Rules that bully women employees out of their jobs for getting married or having domestic issues amount to “coarse gender discrimination” and are plainly unconstitutional, the Supreme Court has said.
“Terminating employment because the woman has got married is a coarse case of gender discrimination and inequality. Acceptance of such patriarchal rule undermines human dignity, right to non-discrimination and fair treatment. Laws and regulations based on gender-based bias are constitutionally impermissible,” the court said in a recent order.
The observations were part of an order which upheld the rights of a woman Permanent Commissioner Officer in the Military Nursing Service who was discharged for getting married.
A Bench headed by Justice Sanjiv Khanna directed the Union Government to pay former Lieutenant Selina John ₹60 lakh in compensation within eight weeks as a full and final settlement of all her claims. The government had come in appeal against a decision of the Lucknow Bench of the Armed Forces Tribunal which had ruled in her favour.

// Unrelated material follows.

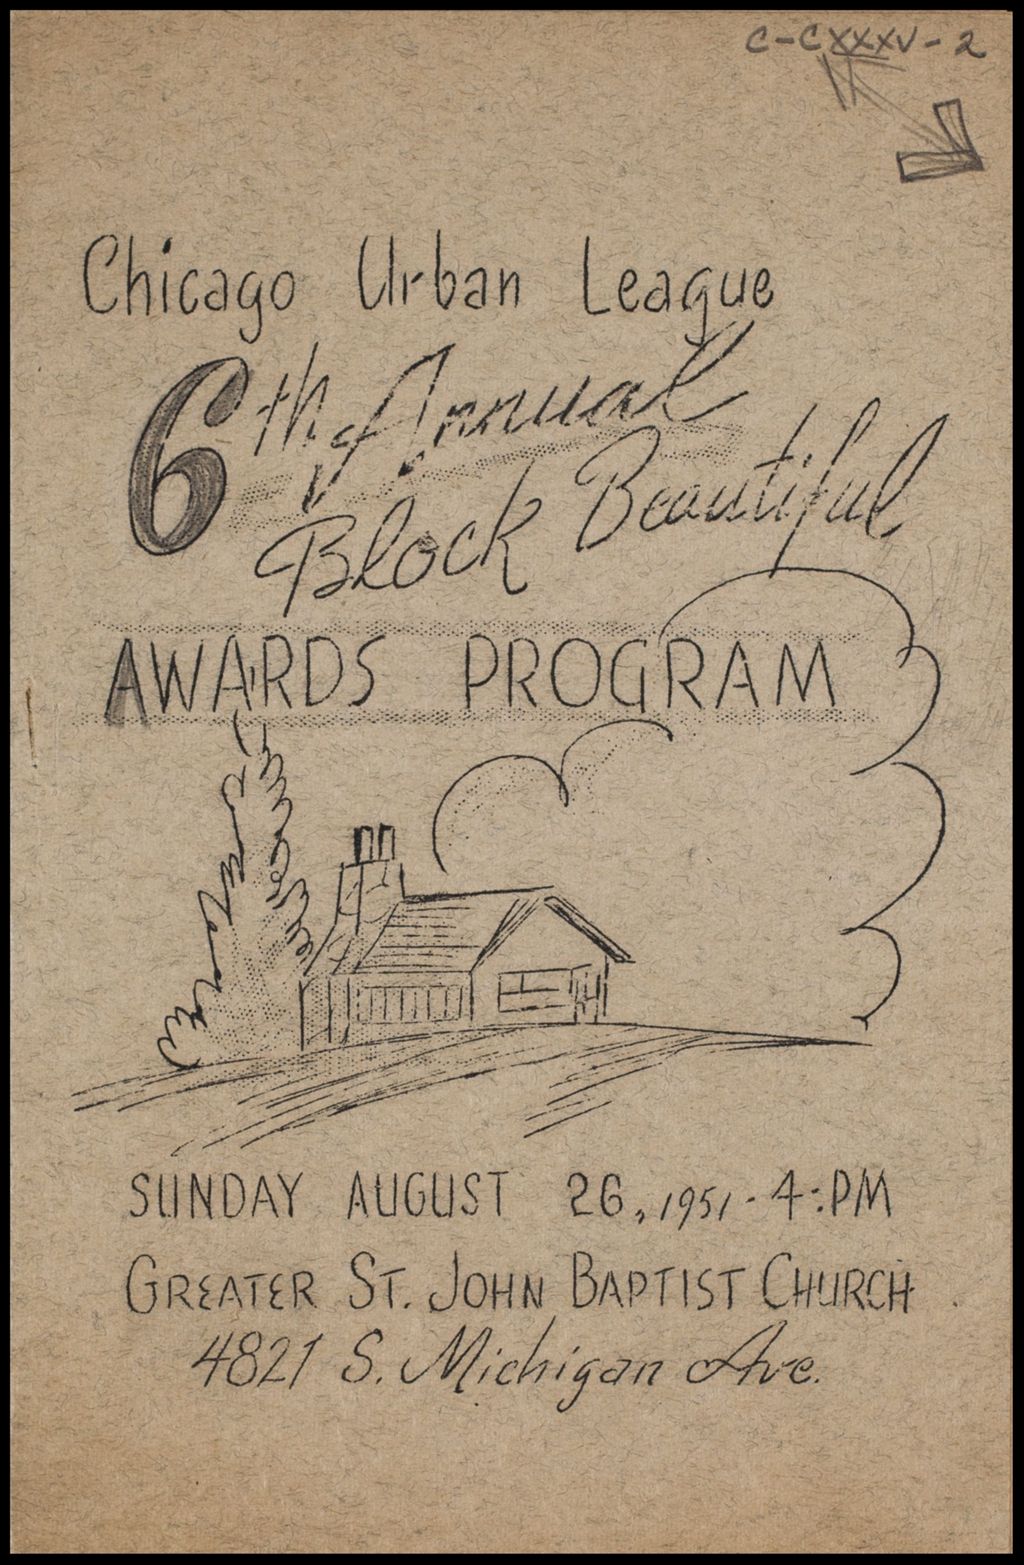 Miniature of Block Clubs - Announcements of Special Events, 1951-1955 (Folder II-2310)

Noting that her release from services was both “wrong and illegal”, the Supreme Court, in a recent order, found that the rule against marriage was applicable only to women nursing officers. The rule was “ex facie manifestly arbitrary”.
“Rules making marriage of women employees and their domestic involvement a ground for disentitlement would be unconstitutional,” the order noted.
The court also recorded that the Army instruction concerned with the terms and conditions of service for the grant of permanent commissions in the Military Nursing Service was withdrawn in 1995.